Pros and cons of JavaScript for web scraping
Pros:
- Puppeteer is an all-in-one solution: launch a browser, load a page, and extract data.
- Built-in async/await model makes I/O non-blocking.
- Direct DOM access with page.evaluate() (faster than Python’s two-stage approach).
- Regex is concise with inline /pattern/i literals.
- Functional array methods (filter, map, forEach) are expressive.
- Lower memory usage (~250–350MB).
Cons:
- Async/await is mandatory, and adds complexity for beginners.
- Requires explicit .catch() for unhandled promise rejections.
- File saving is a two-step process (JSON.stringify + fs.writeFile).
- More verbose for error handling inside try/catch.
Web scraping JavaScript vs Python
Python scraping tutorial: Setup and example
To get started with Python web scraping, we’ll use a combination of libraries. This first section covers the setup of libraries and basic configurations needed before running the scraper.
Section 1: Libraries and setup
import time
import re
from bs4 import BeautifulSoup
from selenium import webdriver
from selenium.webdriver.chrome.service import Service
from selenium.webdriver.chrome.options import Options
from webdriver_manager.chrome import ChromeDriverManager
import json
def scrape_craigslist_apartments(url="https://newyork.craigslist.org/search/apa"):
options = Options()
options.add_argument('--headless')
options.add_argument('--disable-gpu')
options.add_argument('--window-size=1920,1080')
options.add_argument('user-agent=Mozilla/5.0 (Windows NT 10.0; Win64; x64) AppleWebKit/537.36')
driver = None
listings = []
- time: used for adding waits.
- re: provides regex support for text parsing.
- BeautifulSoup: helps parse HTML documents.
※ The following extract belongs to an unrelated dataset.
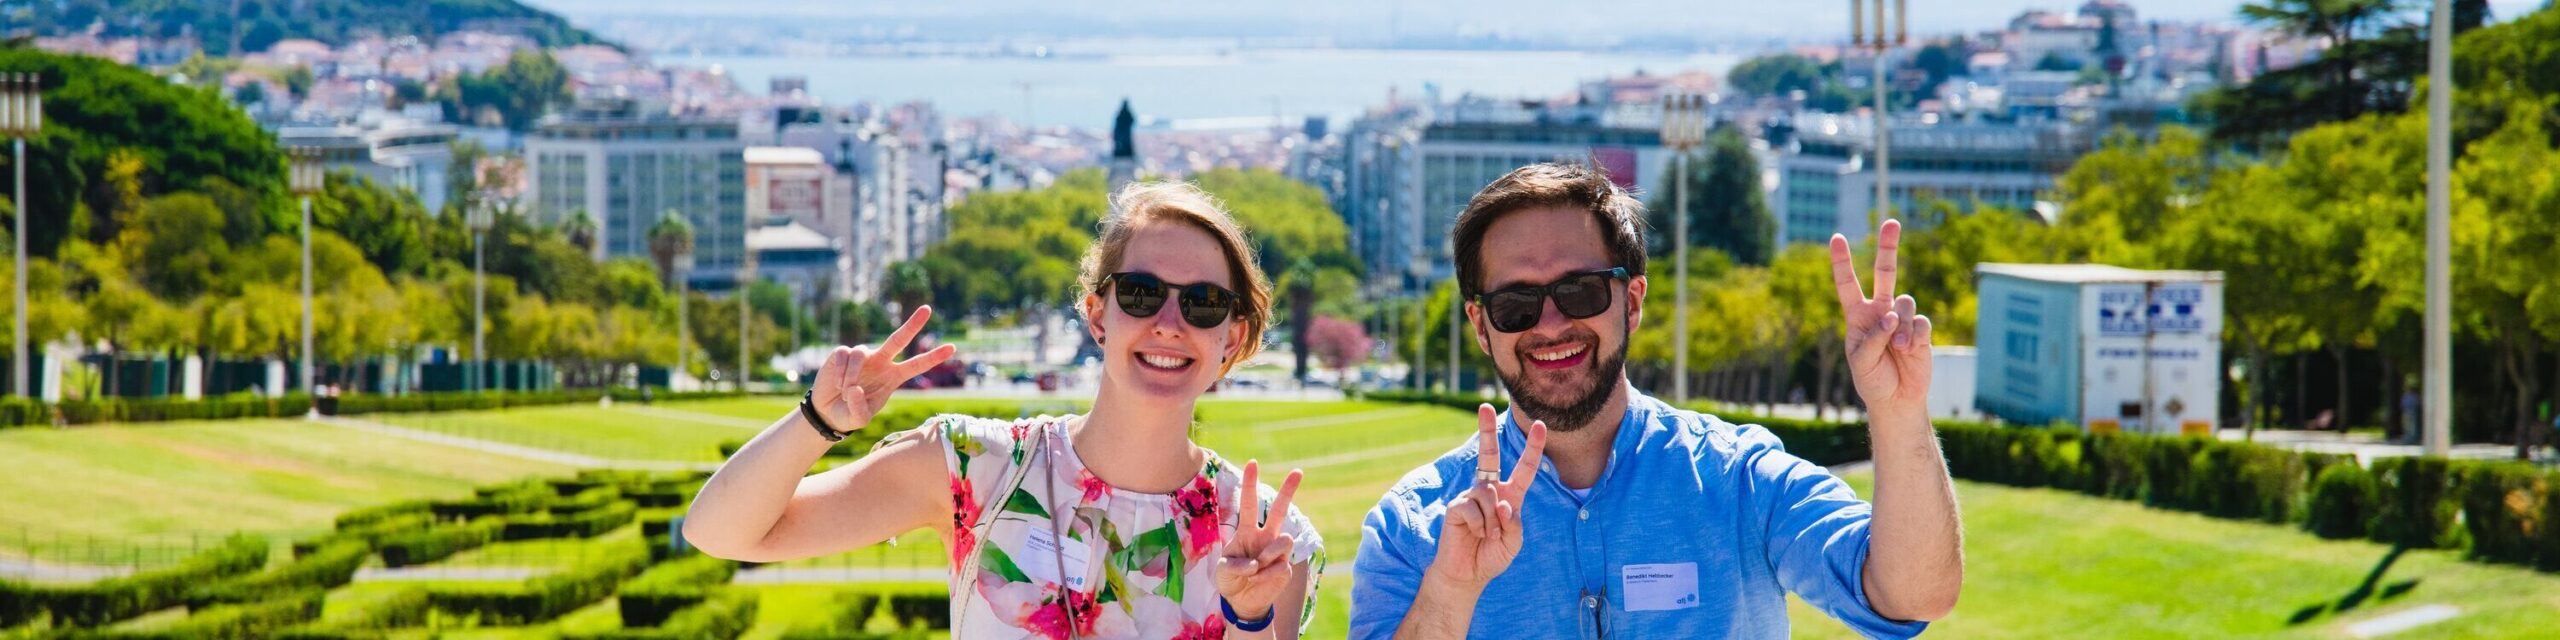 Grüße aus Lissabon von BDKJ-Diözesanseelsorgerin Helena Schmidt und Benedikt Hebbecker, Direktor des Jugendhauses Hardehausen.

- selenium: automates the browser to interact with websites dynamically.
- webdriver_manager: automatically downloads and manages the correct ChromeDriver version.
- Options: sets Chrome’s startup options. Here, we run Chrome in headless mode (no visible browser window), disable GPU, and set window size.
- User-Agent string: helps avoid detection by making the scraper behave like a real browser.
- driver and listings are initialized as empty, preparing the web scraping tools to store apartment listings later.
Section 2: Browser launch and page loading
try:
service = Service(ChromeDriverManager().install())
driver = webdriver.Chrome(service=service, options=options)
driver.get(url)
time.sleep(8)
soup = BeautifulSoup(driver.page_source, 'html.parser')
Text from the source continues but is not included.